= Electronic health records in England =

In 2005 the National Health Service (NHS) in the United Kingdom began deployment of electronic health record systems in NHS Trusts. The goal was to have all patients with a centralized electronic health record by 2010. Lorenzo patient record systems were adopted in a number of NHS trusts. While many hospitals acquired electronic patient records systems in this process, there was no national healthcare information exchange. Ultimately, the program was dismantled after a cost to the UK taxpayer was over $24 billion (£12 billion), and is considered one of the most expensive healthcare IT failures.

In November 2013 NHS England launched a clinical digital maturity index to measure the digital maturity of NHS providers but 40% of NHS managers surveyed by the Health Service Journal did not know their ranking, and the same proportion said improving their ranking was of low or very low priority. in 2022 the 211 trusts progress was assessed. 43 trusts had an EPR meeting NHSE's required standard, 138 had an EPR requiring "extension/optimisation" and 30 trusts did not have an EPR. Of those 30, 23 were procuring or developing plans to procure new EPRs and 7 were in the process of rolling out record systems.

Electronic palliative care coordination systems have been developed by Marie Curie Cancer Care and the Royal College of General Practitioners which mean that terminally ill patients no longer have to explain their circumstances afresh to every new professional they meet and are less likely to be inappropriately taken to hospital.

== Personalised Health and Care 2020 ==
The publication of Personalised Health and Care 2020 by the Department of Health elaborated a new attempt to integrate patient records. Its stated ambition was that every citizen would be able securely to access their health records online by 2018 and make real time data available to paramedics, doctors and nurses. A real time record across health and social care is seen as the key to the provision of integrated care.

== Hospital systems ==
Transferring hospital records to electronic systems has generally been much slower and more difficult than in primary care, apart from clinical imaging, which has been largely electronic for several years. In 2019 only 10% of NHS trusts claimed to be fully digitised. The NHS Long Term Plan requires all hospitals to move to digital records by 2023, so clinicians can access and interact with patient records and care plans wherever they are. As of 2019, 62% of trusts have plans to digitise all their patient records.

== GP Systems ==
GP2GP is an NHS Connecting for Health project in the United Kingdom. It enables GPs to transfer a patient's electronic medical record to another practice when the patient moves onto the list.
In General Practice in the UK the medical record has been computerized for many years; in fact, the UK is probably one of the world leaders in this field. There are very few General Practices in the UK which are not computerized. Unlike those in the USA, UK GPs have not had to deal with billing, and thus have been able to concentrate on clinical care. The GP record is separate from the national Care Record and contains far more data. Shaun O'Hanlon, EMIS's Chief Clinical Officer says that the legal framework around data sharing is the main problem in integrating patient data because the Data Protection Act 1998 puts responsibilities on GPs to protect the confidentiality of patient data, but at the same time they have a "duty to share" when it is in the best interests of the patient. He says the quickest, easiest route to large scale record sharing is to put patients in the driving seat using smartphone technology. He quotes a YouGov poll, which found that 85% of the population wanted any medical professional directly responsible for their treatment to have secure electronic access to key data from their GP record, such as long term conditions, medication history or allergies.

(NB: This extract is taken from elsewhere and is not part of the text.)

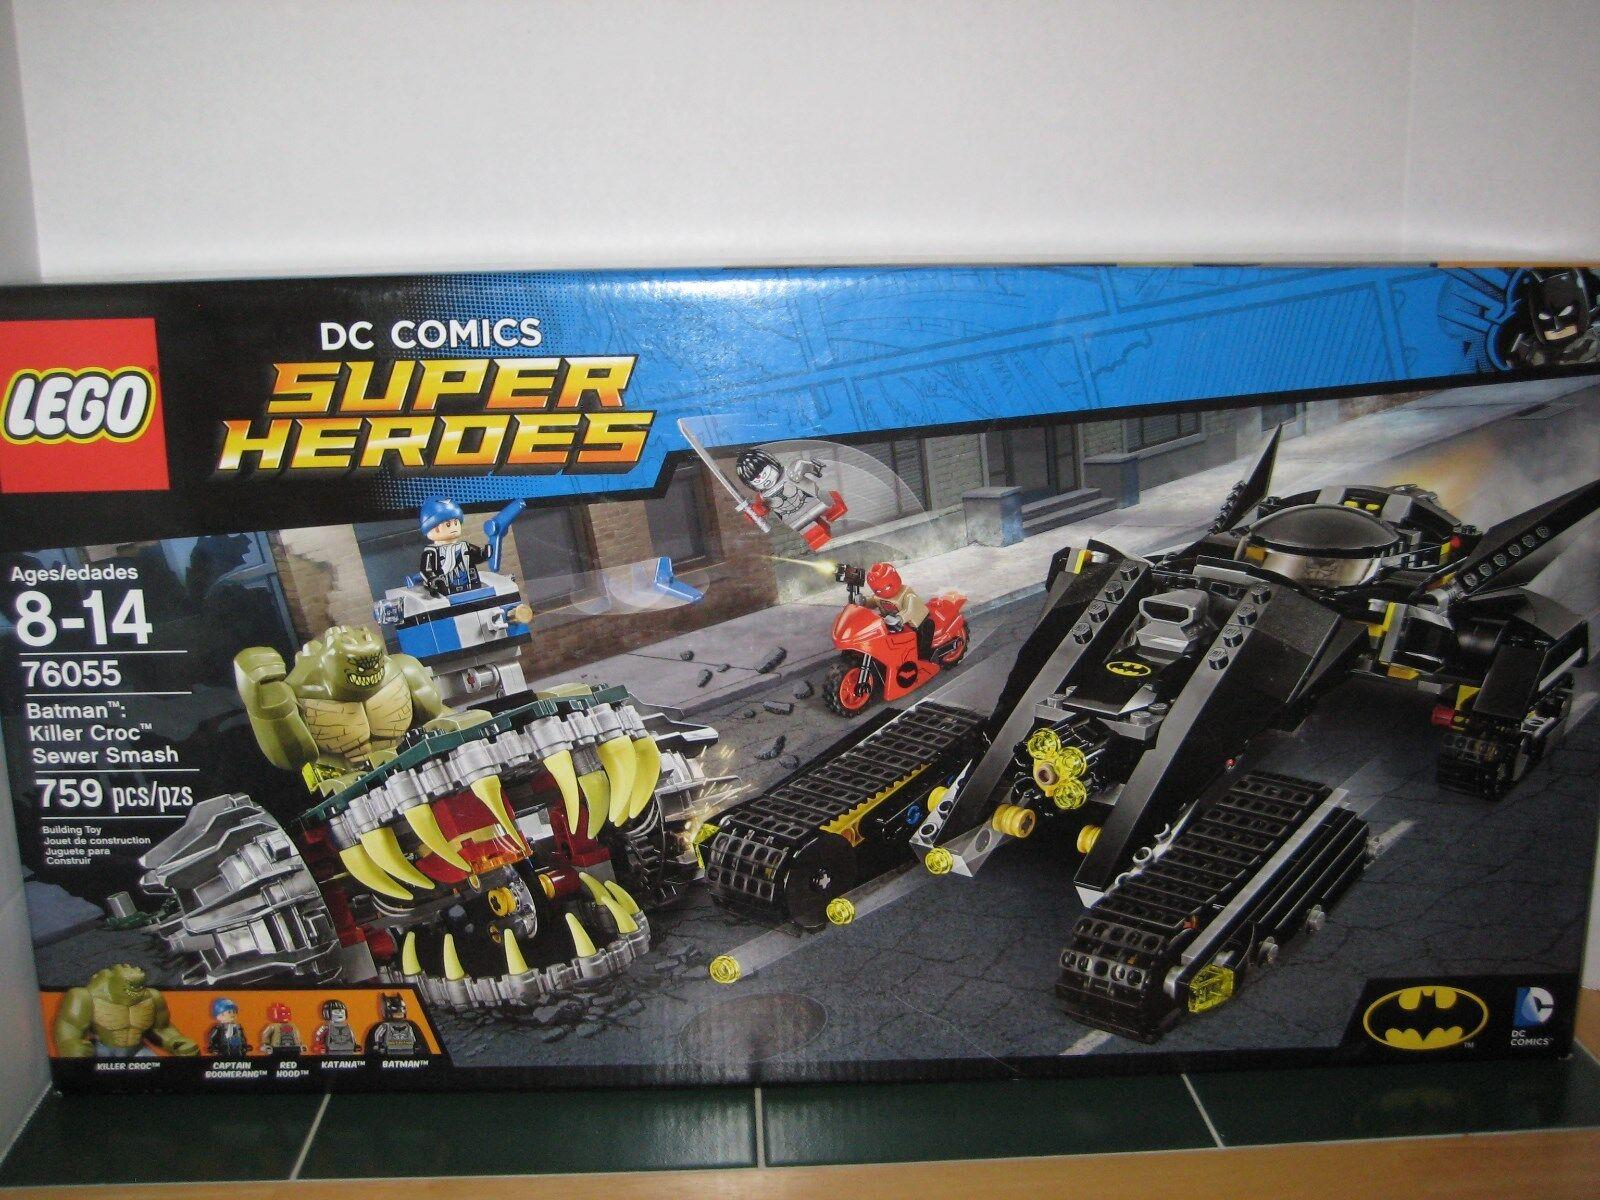 LEGO DC Comics Super Heroes Batman Killer Killer Killer Croc Sewer Smash d31224

Clinical IT suppliers are moving towards greater interoperability, already achieved with the GP2GP project, allowing different systems to exchange complete medical records between practices. There are projects allowing access between hospitals & GP practices. The main Primary Care systems are EMIS Health, SystmOne, iSOFT, and INPS Vision. The NHS in Scotland widely used GPASS until 2012. From April 2014 practices are contractually required to promote and offer patients the opportunity to book appointments online, order repeat prescriptions online and provide online patient record access.

The assistant coroner for inner north London has twice written to Jeremy Hunt warning that "future deaths could occur [if] further action is not taken to facilitate secondary care access to GP records".

Leeds was the first city to implement the NHS Digital programme GP Connect. This makes patient records available across care settings, including social care, general practice, community, mental health and hospitals.

== Patient access ==

It has been possible for patients to access their own medical records online for some time. By 2013, the debates had moved onto discussing the impact of patient access on patient care.

== Research ==

=== Prescription errors ===
A study in the UK tested the Salford Medication Safety Dashboard (SMASH), a web application to help GPs and pharmacists find people in their electronic health records who might face safety hazards due to prescription errors. The dashboard was successfully used in identifying and helping patients with already registered unsafe prescriptions and later it helped monitoring new cases as they appeared.